Hanna's chin stuck out under the weight of his scowl. "You'll have to explain my BOOT up your ass," he threatened without much heat, hanging back a step to shove at Veser's shoulder. "But if you're like, talking about how Conrad gets to hang out with the visage of a babe of his choosing? Or something? That's not the case, for him." Emphatically, "He's dead. He doesn't see Noah the way we do. He lives on a different frequency; that's why he can't show up on cameras, he lives between our light frequencies, and so does Noah. Sort of. So they - I mean, Conrad can see a lot of things we might not be able to. He can see Noah as Noah is, which I mean, that explains why Noah might want to, er, spend some time. With a vampire. Can't imagine it's too great, not wearing your own face."
Veser took shelter under the flimsy blue plastic of the bus stop overhang, studying Hanna through the roll of his breath in the dark winter air. "That why Conrad left us with a hickey on its own fucking zipcode."

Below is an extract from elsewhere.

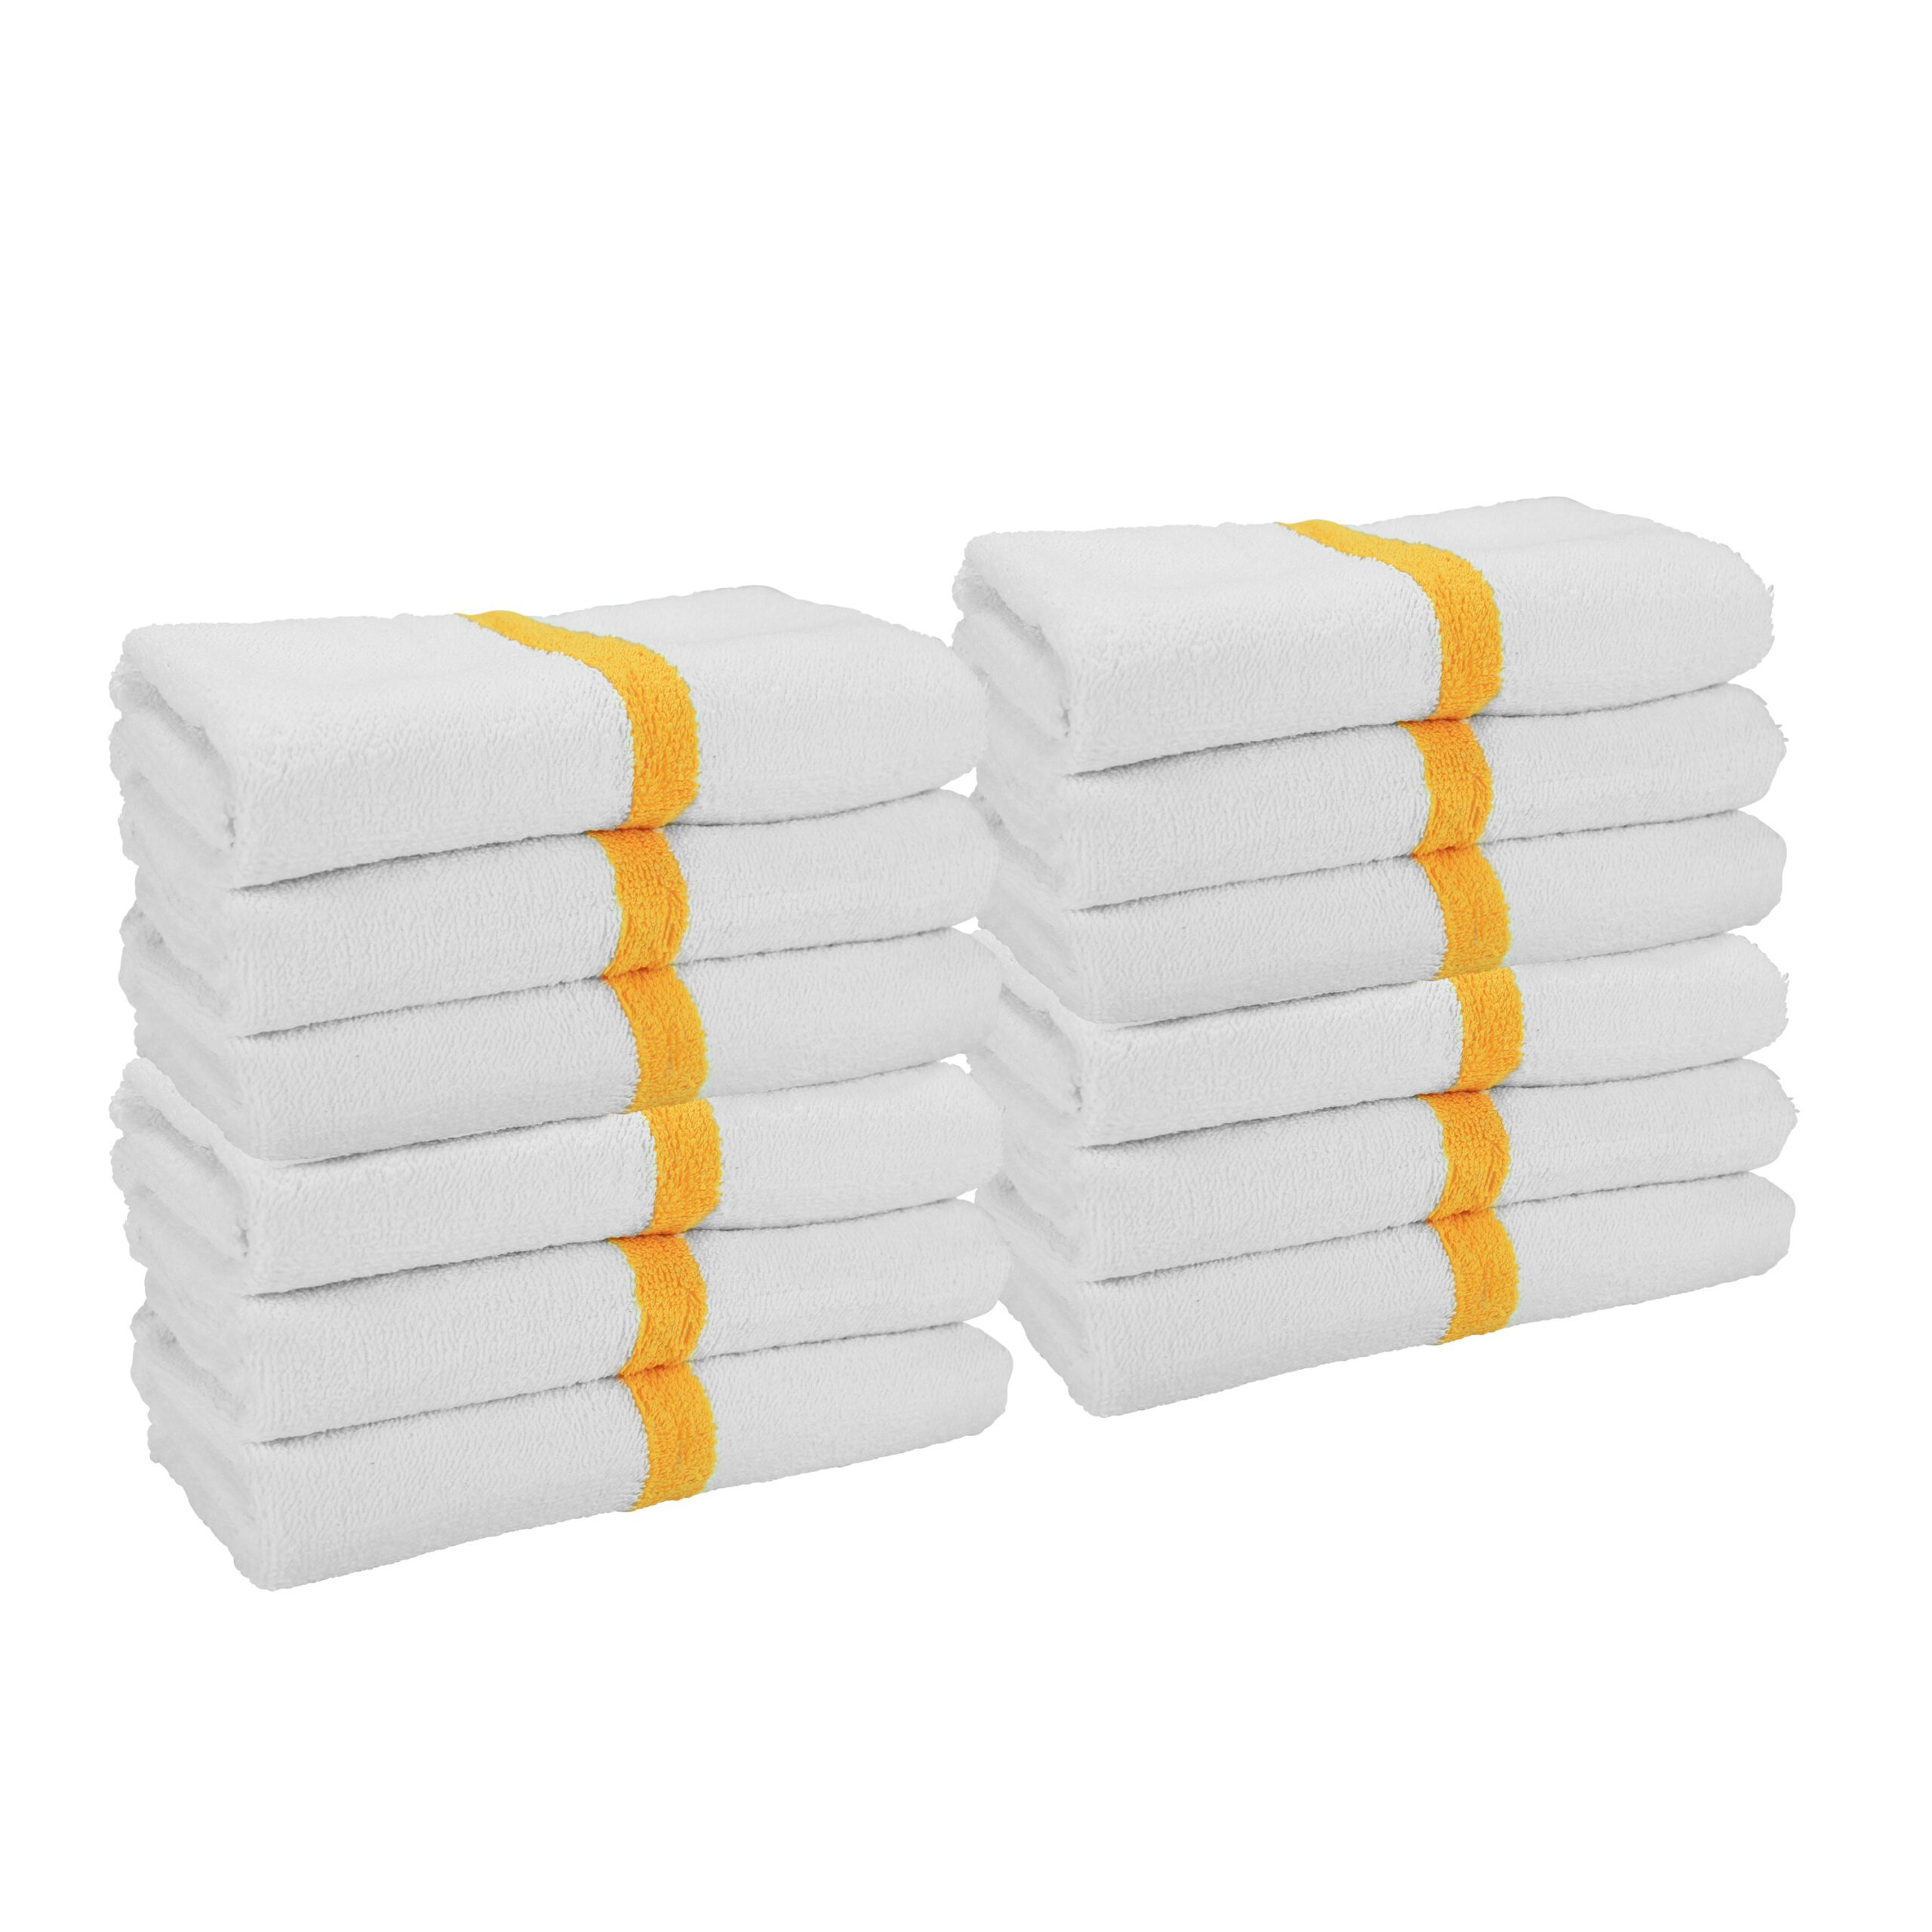 6 Pack of Gym Power Bath Pool Towels Striped Color Options 22 X 44

Hanna shrugs. "I guess that's what's bothering me. Maybe, I mean, it's not a stretch to imagine - maybe Conrad kinda likes him back?" But something was still out of place, something that would take Hanna the greater part of a month to come around to finding out, and by then Conrad would have already rescued himself.
Veser, in the meanwhile, was extremely put out. "What. Just like that."
Hanna shrugged a shoulder. "Maybe Noah's real face is really nice? Maybe they read the same books? Maybe Conrad just wanted an excuse to leave stateside for a while, and Noah needed some help learning the ropes of modern living?" (This last, the actual excuse Conrad had given).
Veser's mood tanked ever further and he buried his chin in his hoodie collar to grumble. "Jesas. Doc Worth was right."
"Doc Worth is usually almost always right," Hanna agreed sagely, nodding. "But uh, what do you mean?"
Woodenly, abstractly, remembering a conversation at a riverbank, an implication that had been loaded and uncomfortable, "Conrad's afraid of frogs." Veser scrubs his face, groaning, a little heartsick. "And it's none of our fucking business."